Convert the "Have you seen any of the 6 films in the Star Wars franchise?" and "Do you consider yourself to be a fan of the Star Wars film franchise?" columns to the Boolean type.
Before conversion check range of values in these columns
star_wars['Have you seen any of the 6 films in the Star Wars franchise?'].unique()
array(['Yes', 'No'], dtype=object)
star_wars['Do you consider yourself to be a fan of the Star Wars film franchise?'].unique()

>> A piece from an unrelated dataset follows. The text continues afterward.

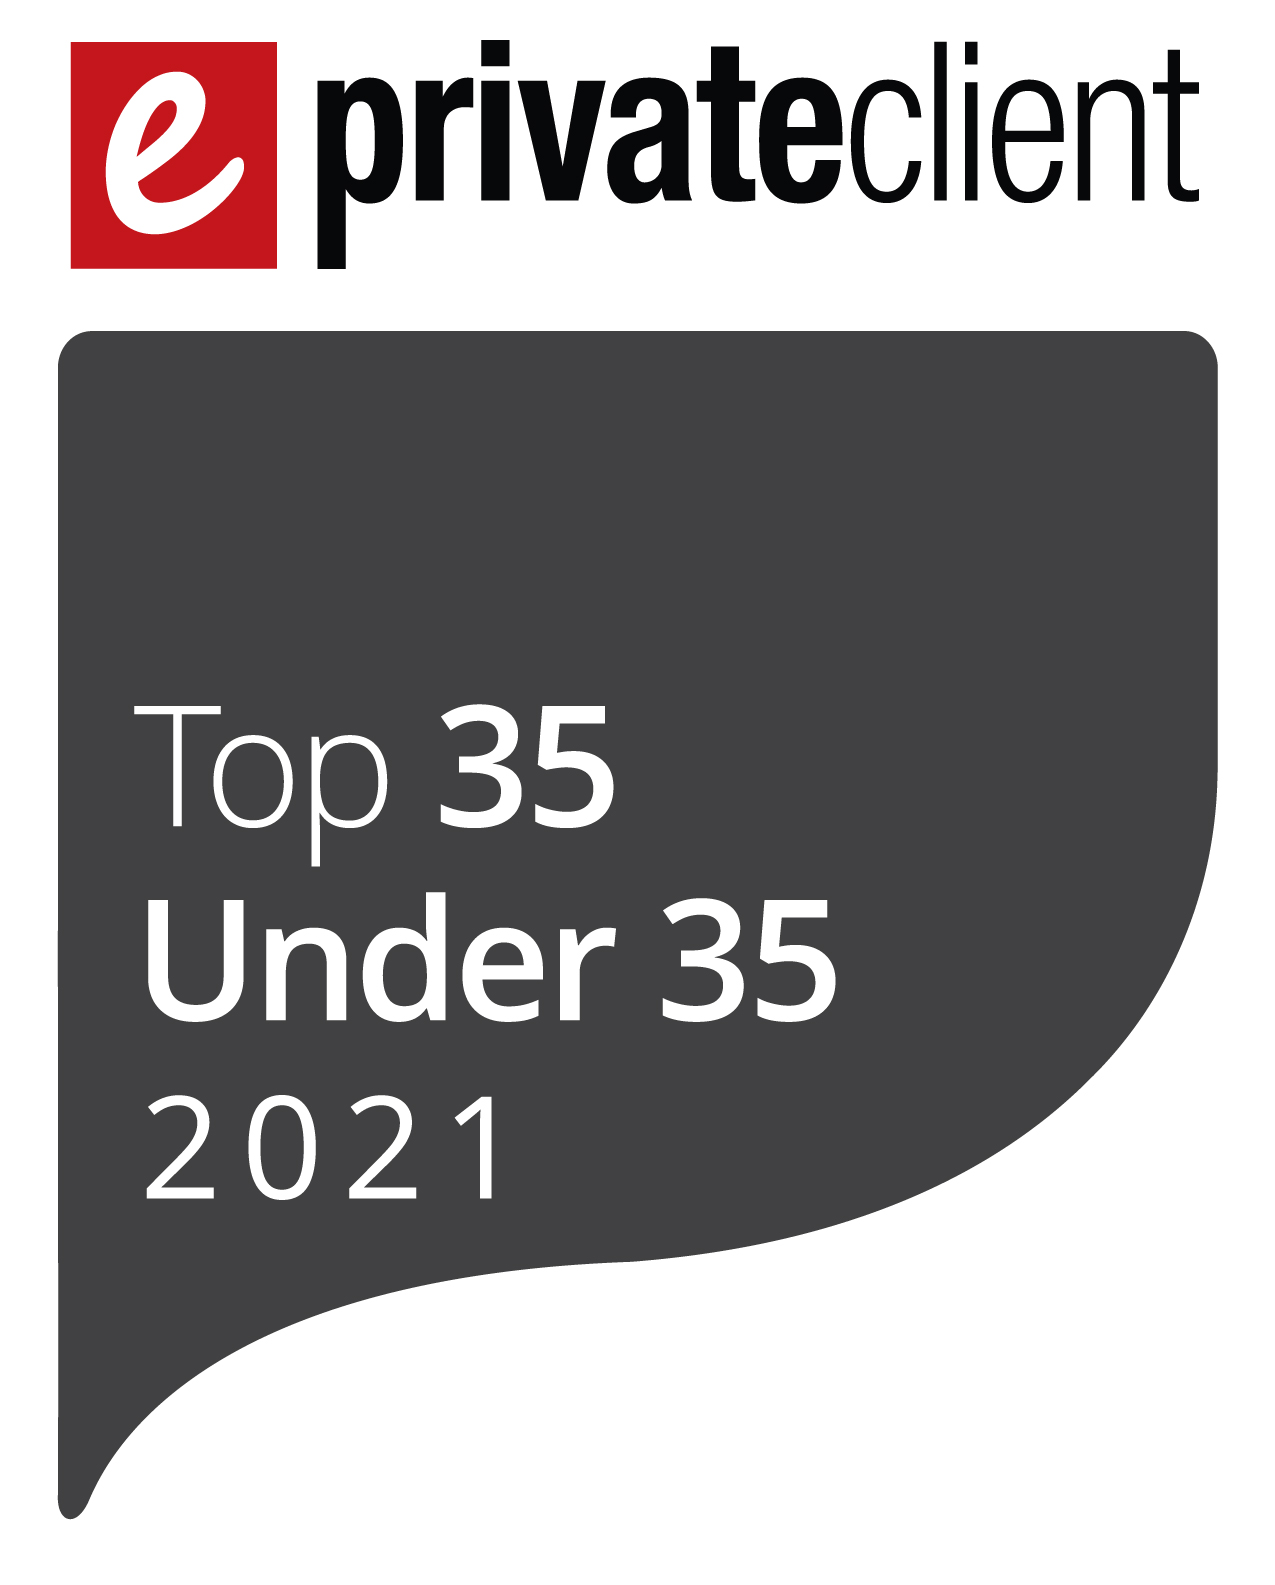 EXCLUSIVE: 2021 eprivateclient Top 35 Under 35 - Men

array(['Yes', nan, 'No'], dtype=object)
# Define conversion dictionaries
yes_no = {
"Yes": True,
"No": False
}
# Define list of columns
columns = ['Have you seen any of the 6 films in the Star Wars franchise?',
'Do you consider yourself to be a fan of the Star Wars film franchise?']
for col in columns:
star_wars[col] = star_wars[col].map(yes_no)
# Check conversion
star_wars['Have you seen any of the 6 films in the Star Wars franchise?'].unique()
array([ True, False])
star_wars['Do you consider yourself to be a fan of the Star Wars film franchise?'].unique()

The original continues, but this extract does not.